DATA FOR THIS EXERCISE:
Segment Open

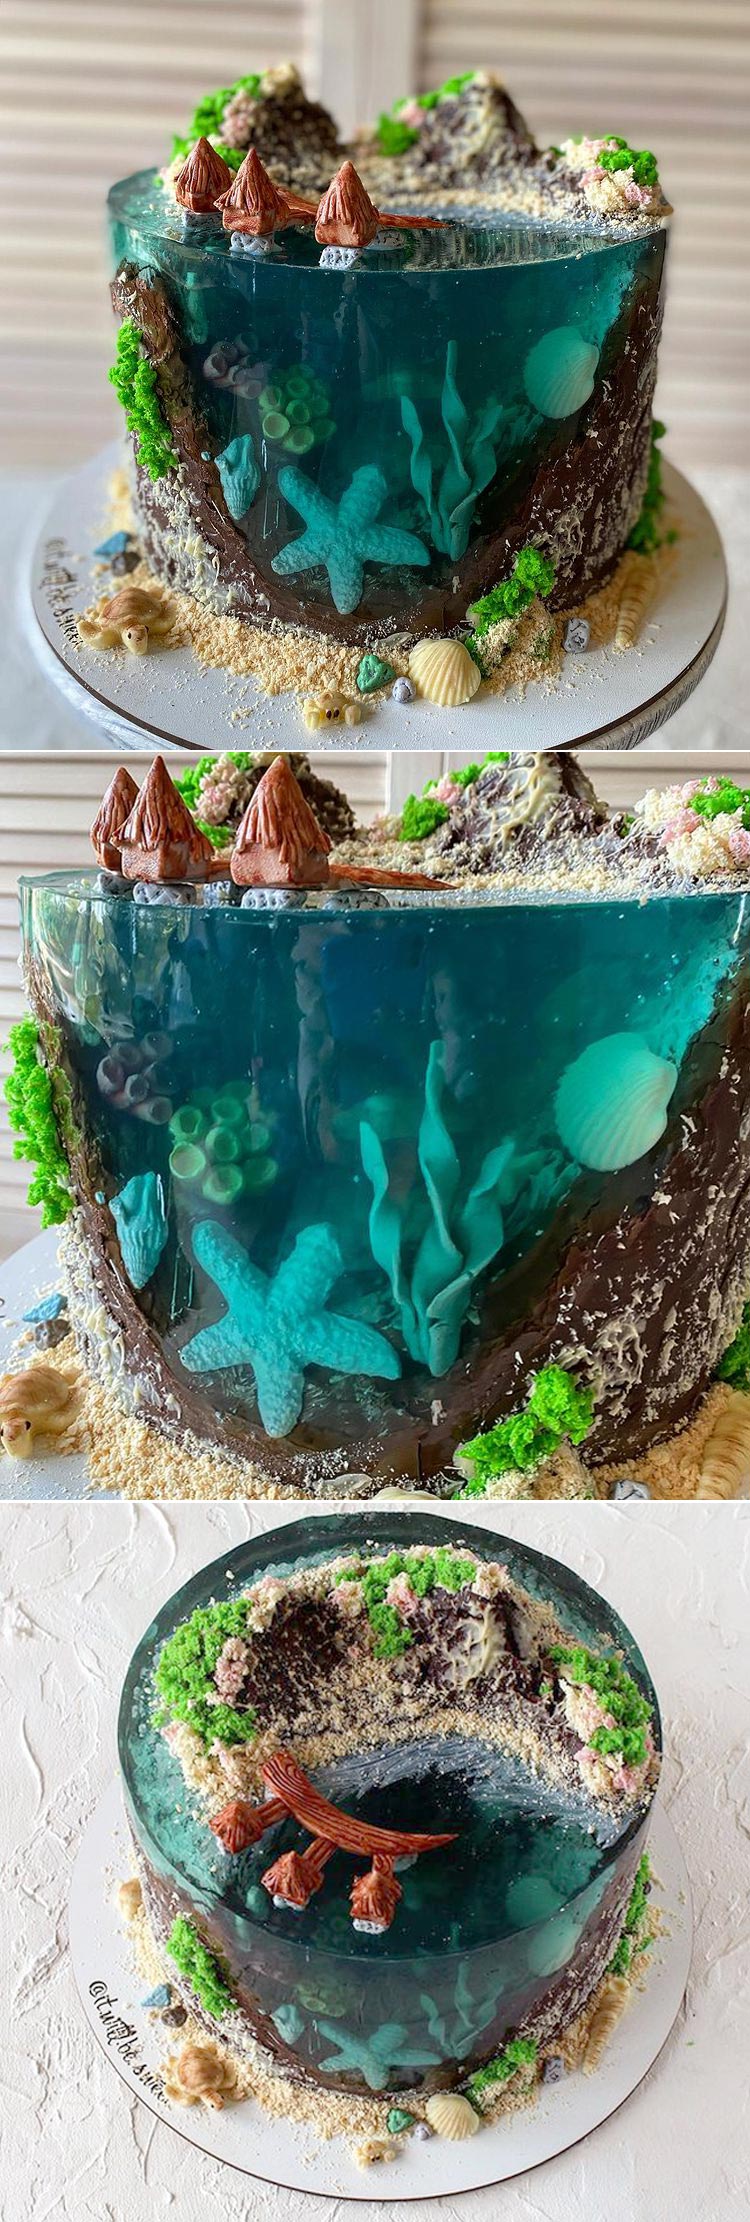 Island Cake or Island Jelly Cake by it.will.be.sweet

Segment Closed
Segment Open

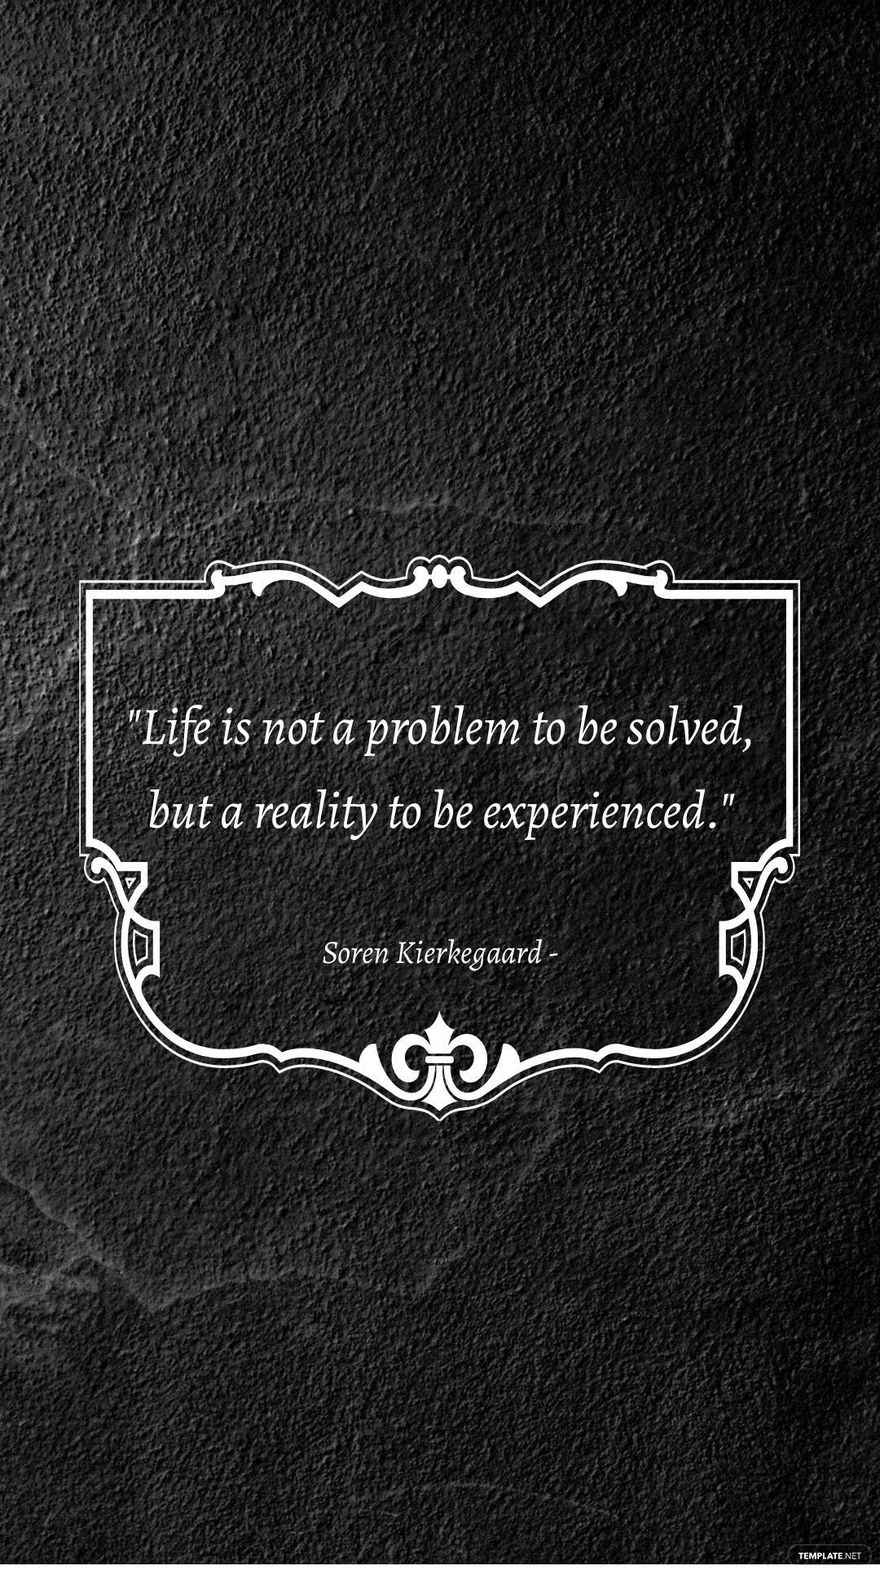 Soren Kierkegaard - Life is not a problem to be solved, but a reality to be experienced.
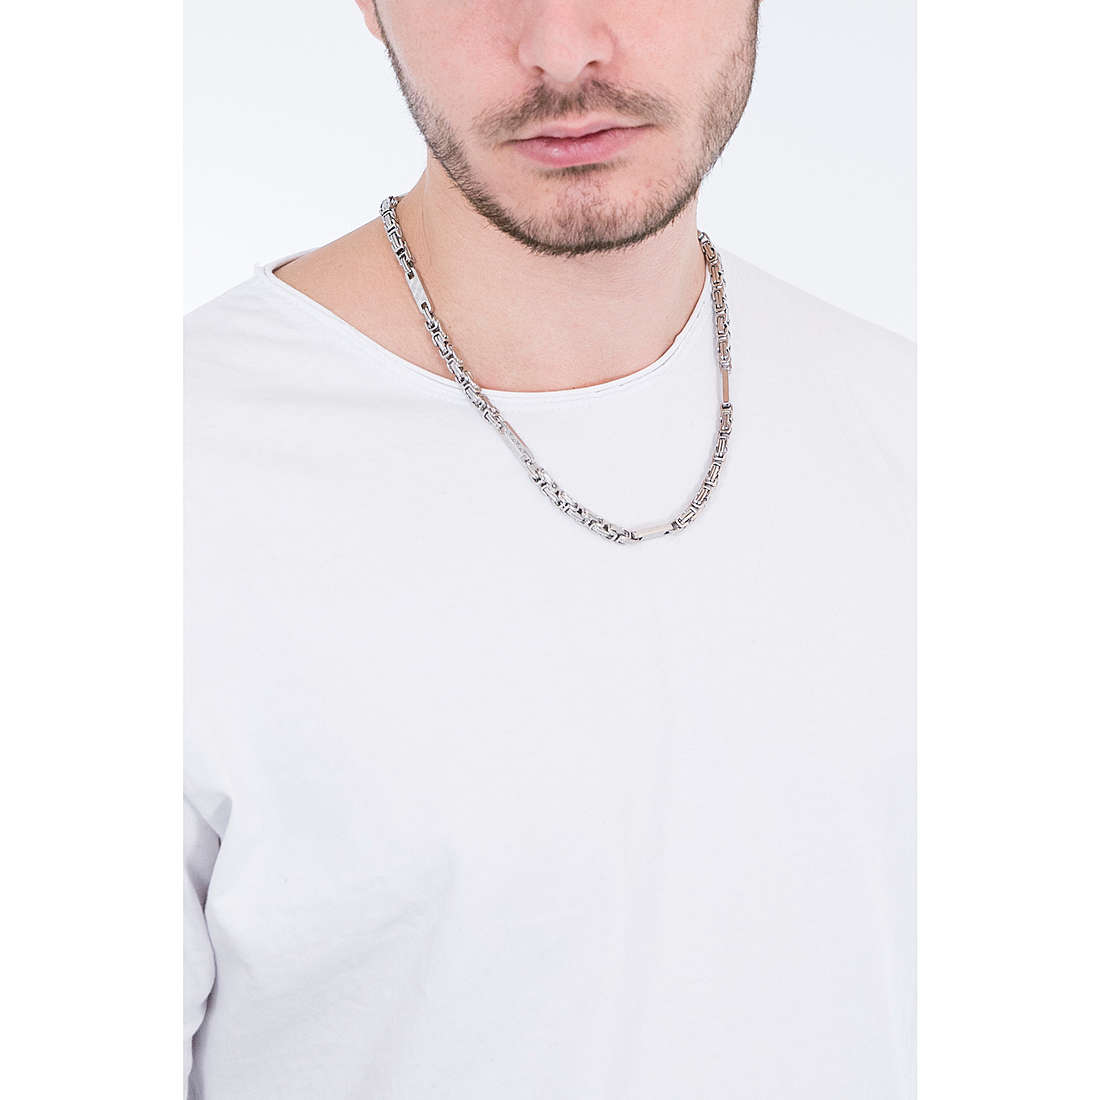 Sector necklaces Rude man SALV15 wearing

Segment Closed
Segment Open

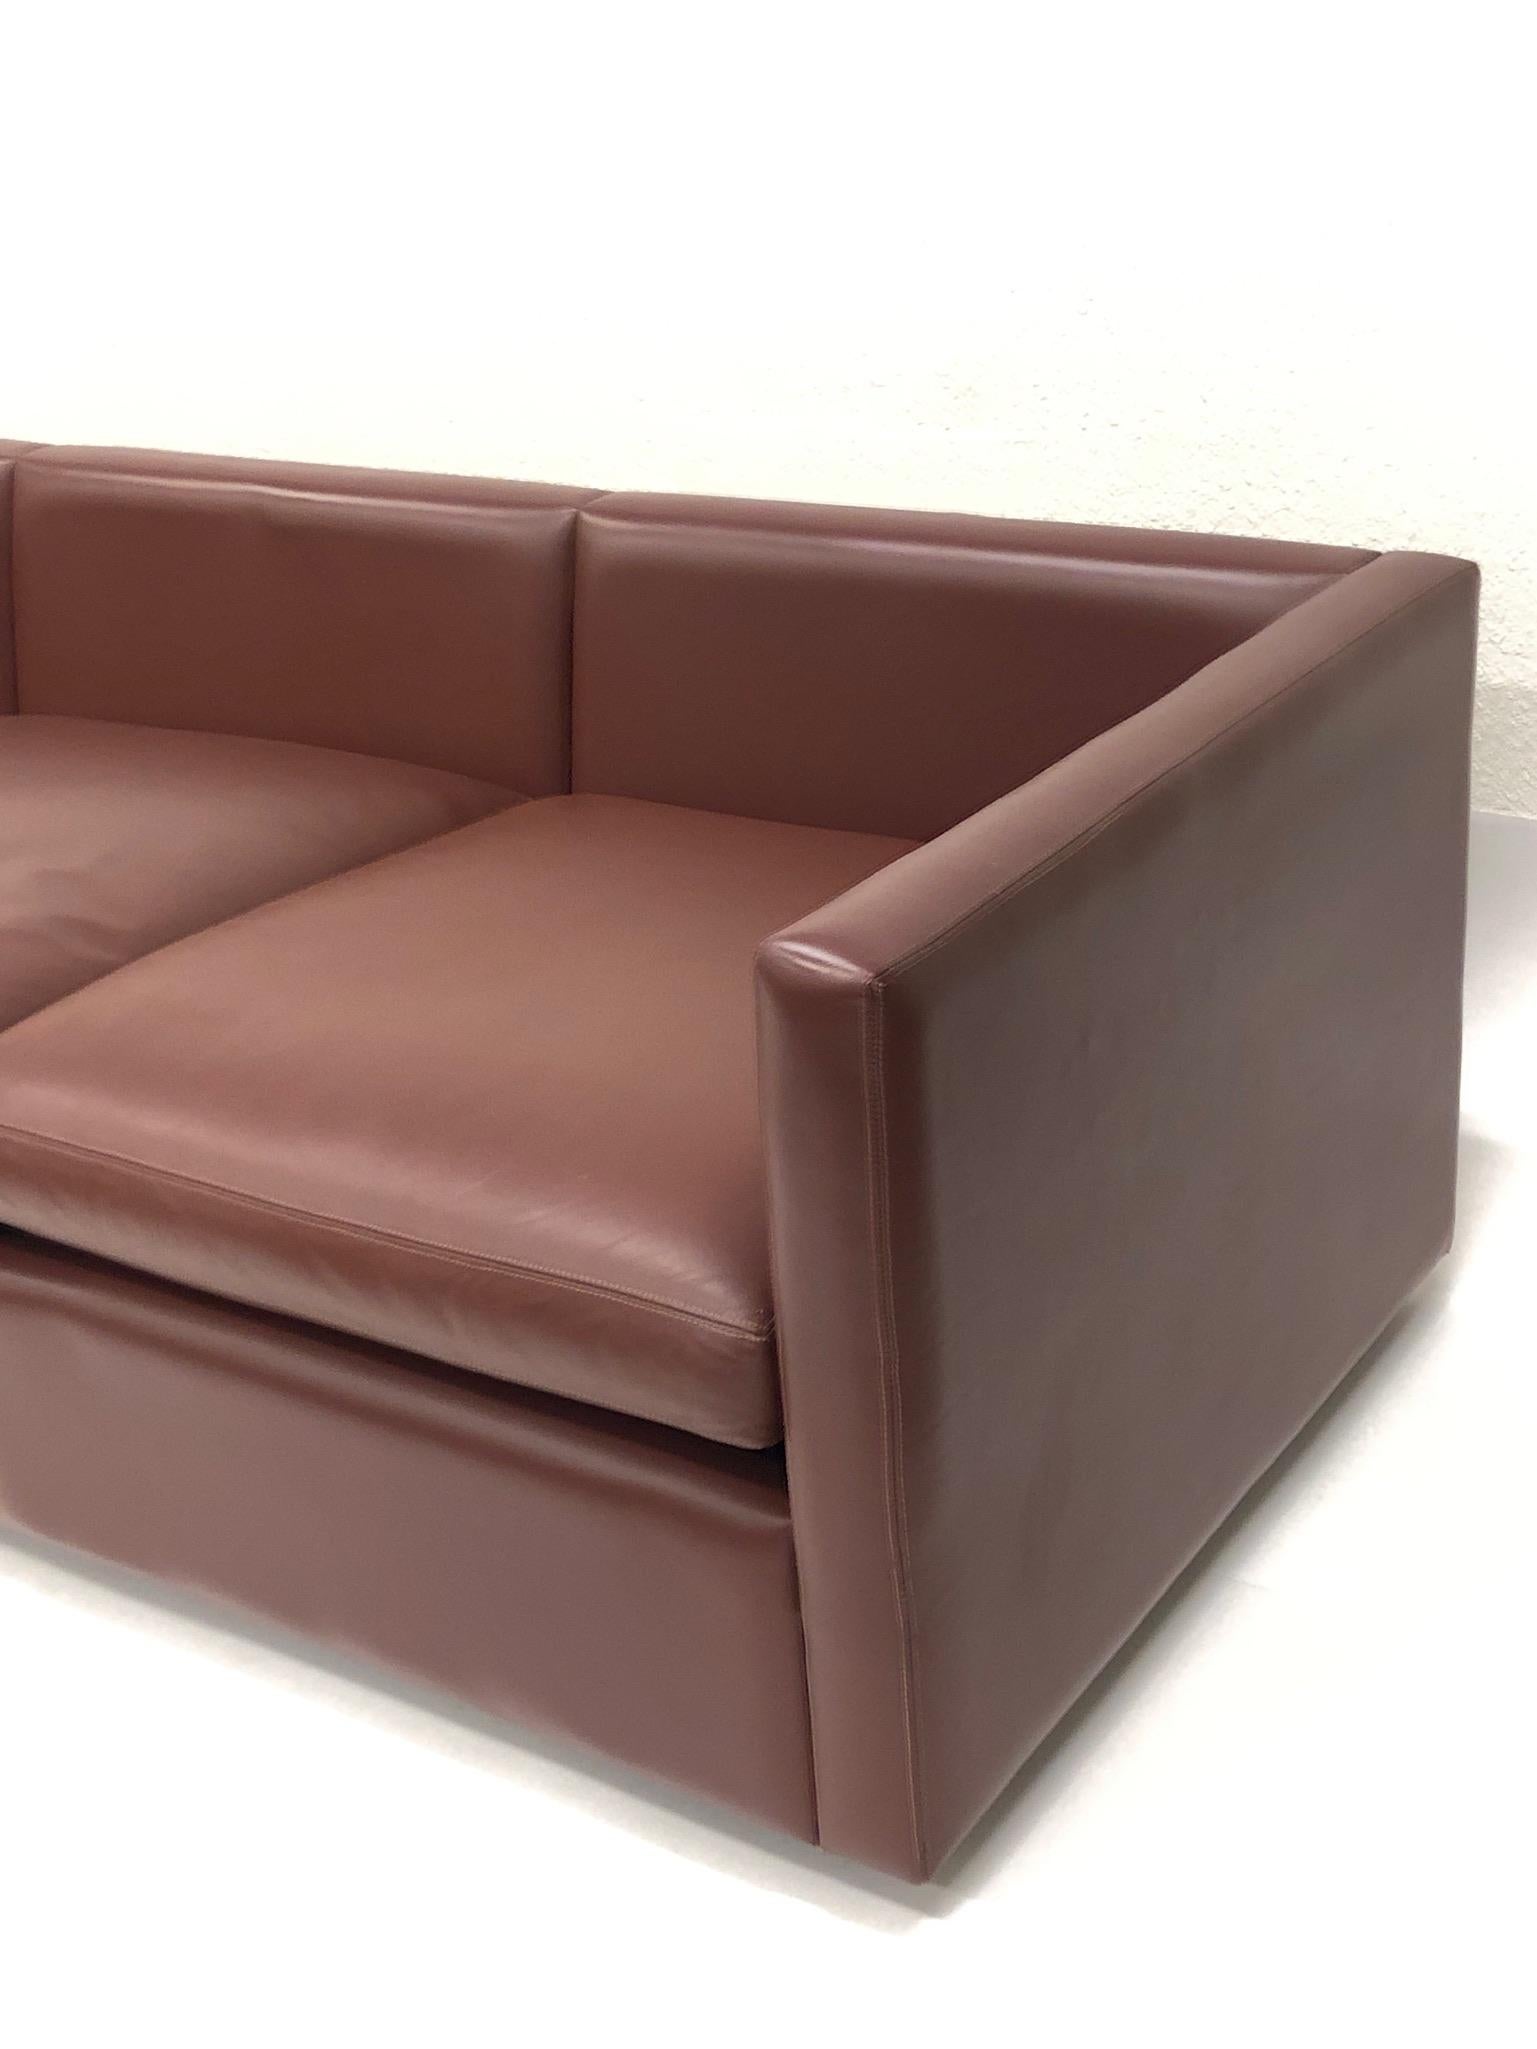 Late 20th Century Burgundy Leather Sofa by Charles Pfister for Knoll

Segment Closed

BRIEF: In the entries above, every line from the line with "Soren Kierkegaard - Life" to the line with "Sector necklaces Rude man SALV15 wearing" is to be printed exactly, with both ends included and pictures excluded.

EXERCISE RESULT:
 Soren Kierkegaard - Life is not a problem to be solved, but a reality to be experienced.
 Sector necklaces Rude man SALV15 wearing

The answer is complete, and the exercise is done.